Healthcare providers and patients: an essay on the importance of professional assertiveness in healthcare today

Claude richard.

a Centre de Santé et des Services Sociaux de Laval, Montréal, Québec

Marie-Thérèse Lussier

b Département de médecine de famille et de médecine d’urgence, Université de Montréal, Québec, Canada

Bernard Millette

Issam tanoubi.

c Medical Simulation Centre, Centre d’Apprentissage des Attitudes et Habiletés Cliniques (CAAHC), Université de Montréal

Professional assertiveness can enable the healthcare provider to confidently share their expertise without seeming authoritarian to the patient. Professional assertiveness is an interpersonal communication skill that helps express opinions or knowledge while respecting similar competencies in others. For healthcare providers, this compares to sharing scientific or professional knowledge with their patients while respecting their person, ideas, and autonomy.
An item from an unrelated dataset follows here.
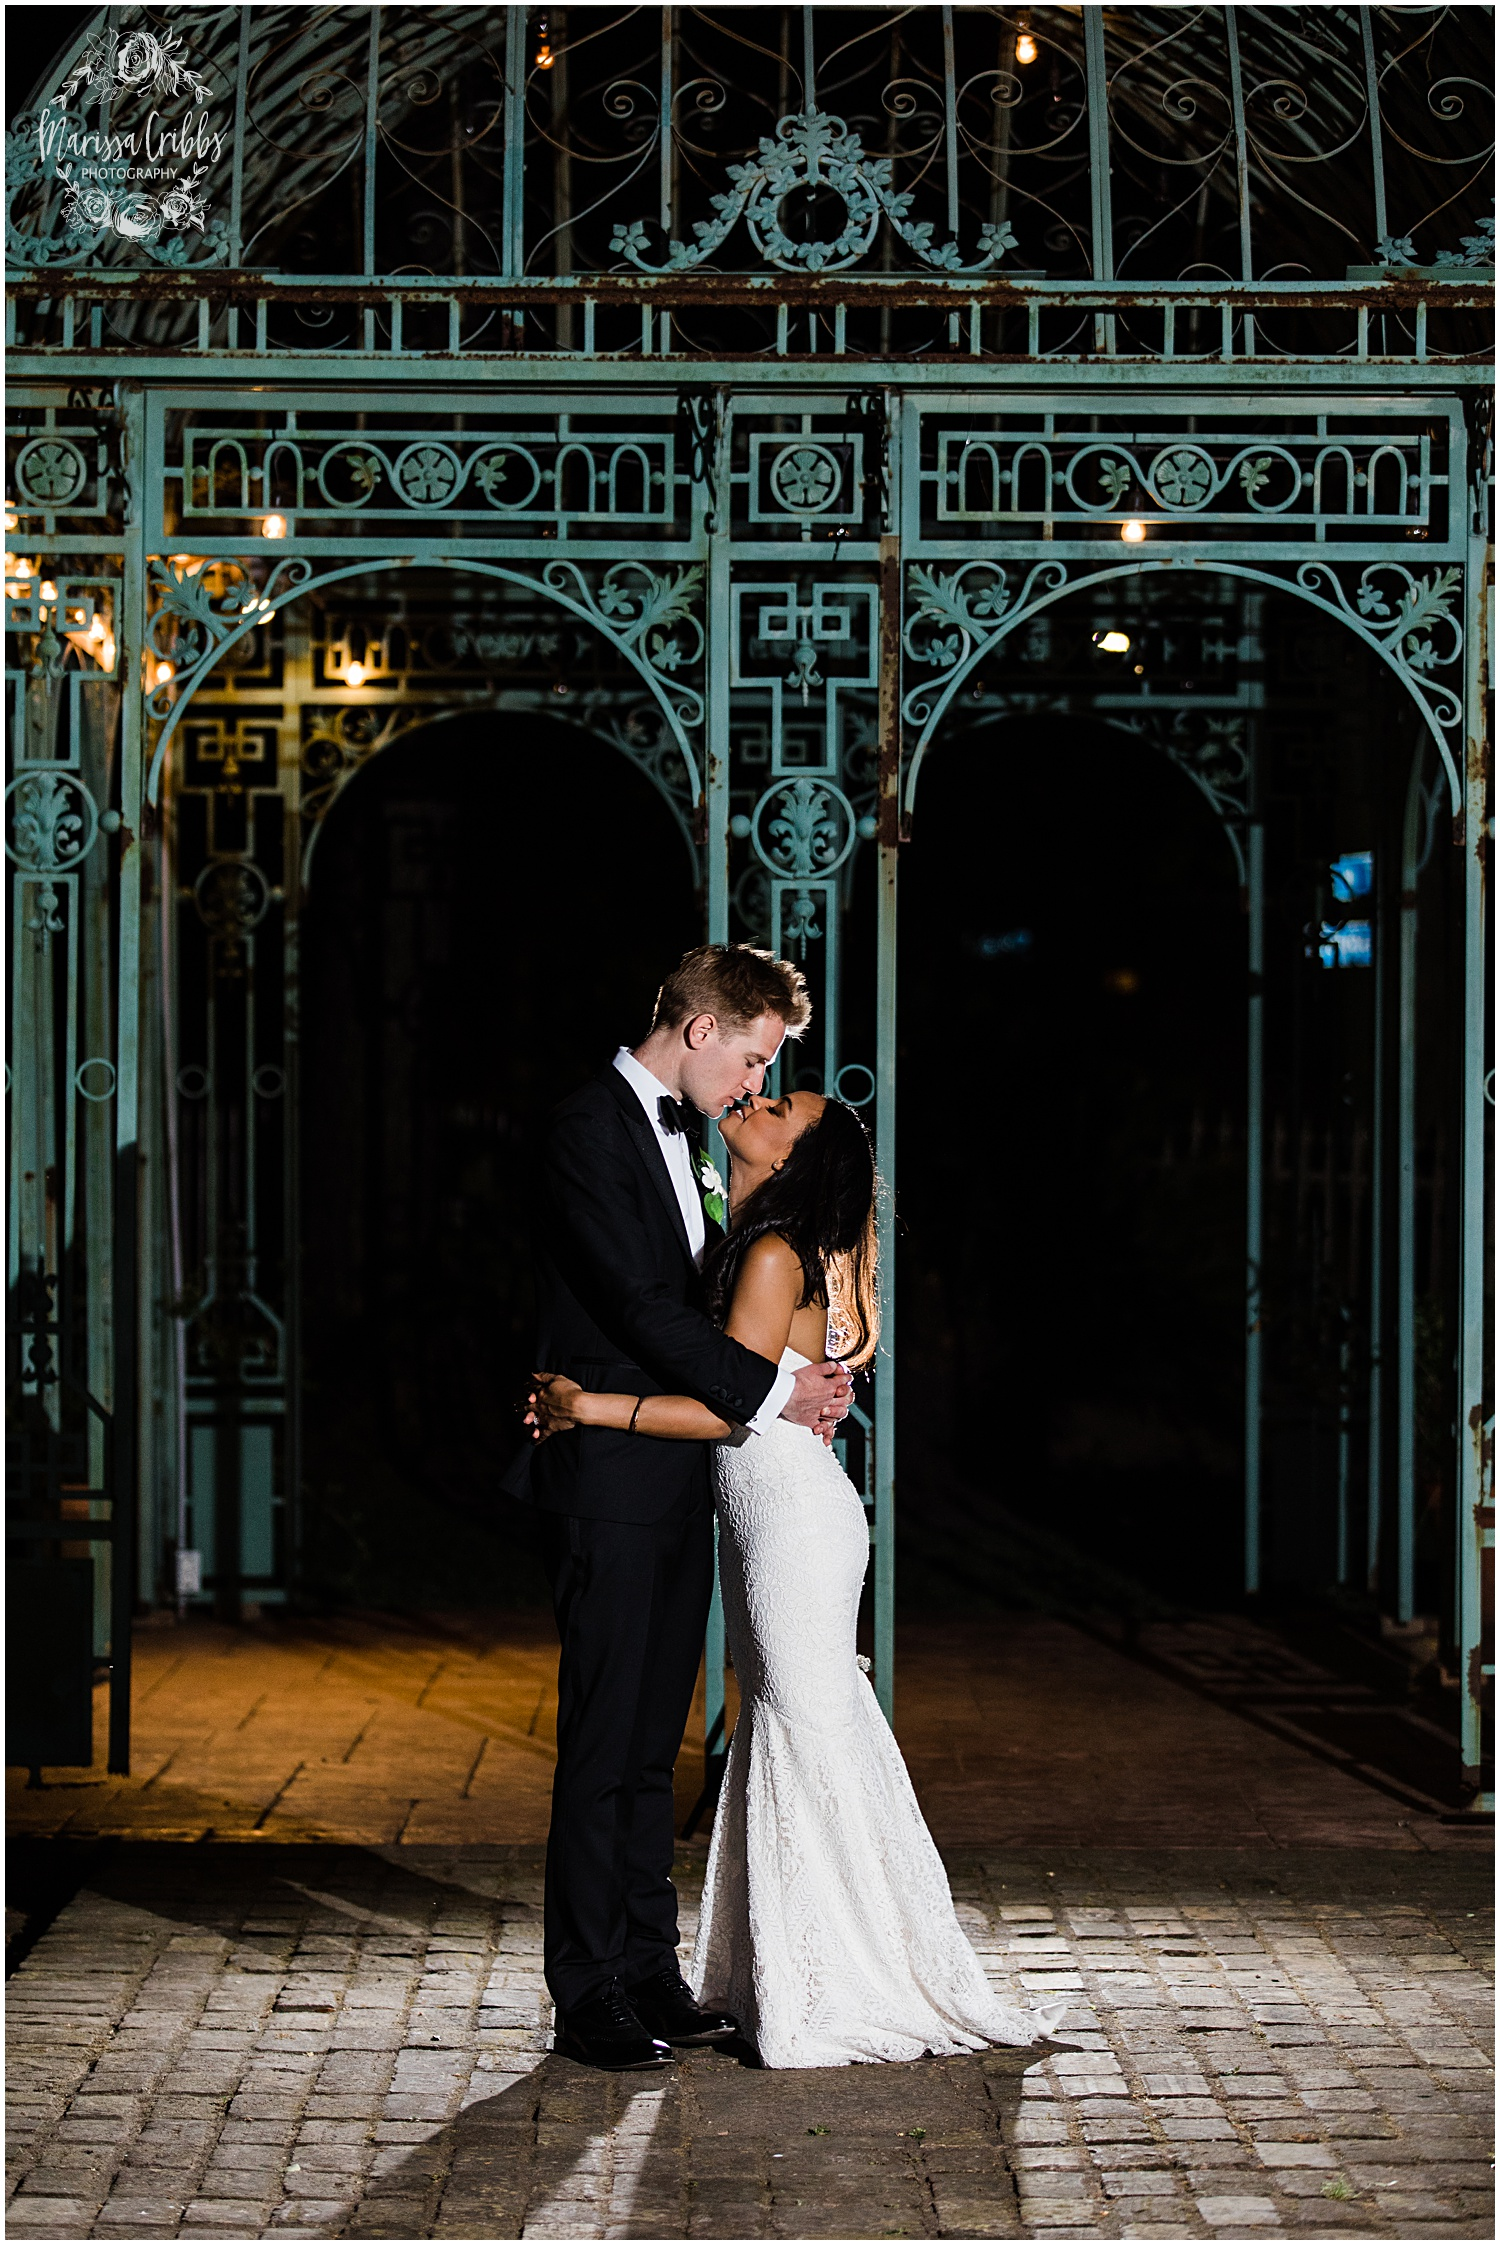 NEW ORLEANS WEDDING   BENACHI HOUSE   SARAH & MICHAEL   MARISSA CRIBBS PHOTOGRAPHY_4525.jpg

Professional assertiveness also connects the patient’s beliefs and values with actual scientific evidence and healthcare system constraints. The definition of professional assertiveness might be easy to understand, but it remains challenging to apply in clinical practice. In this essay, we hypothesize that the practical difficulties healthcare providers encounter with assertive communication stem from their misunderstanding of this style.

Introduction

Nowadays, information is increasingly accessible on a variety of platforms and from a multitude of sources. Some sources provide the public with rigorous and verified information, while others can produce misleading or questionable facts on important topics, such as healthcare. These sources can range from journal articles to newsprint or even social media. During the COVID-19 pandemic, the amount of information produced on the virus, vaccines, treatments, and protective measures, for example, grew exponentially. Zielinski called this proliferation of health information an ‘infodemic’ [ 1 ], or the overproduction of accurate and inaccurate information during an epidemic. He noted that it was increasingly becoming ‘difficult, if not impossible, to separate the important from the mundane, the original from the repetition, and – most worryingly – the true from the false’ [ 1–3 ].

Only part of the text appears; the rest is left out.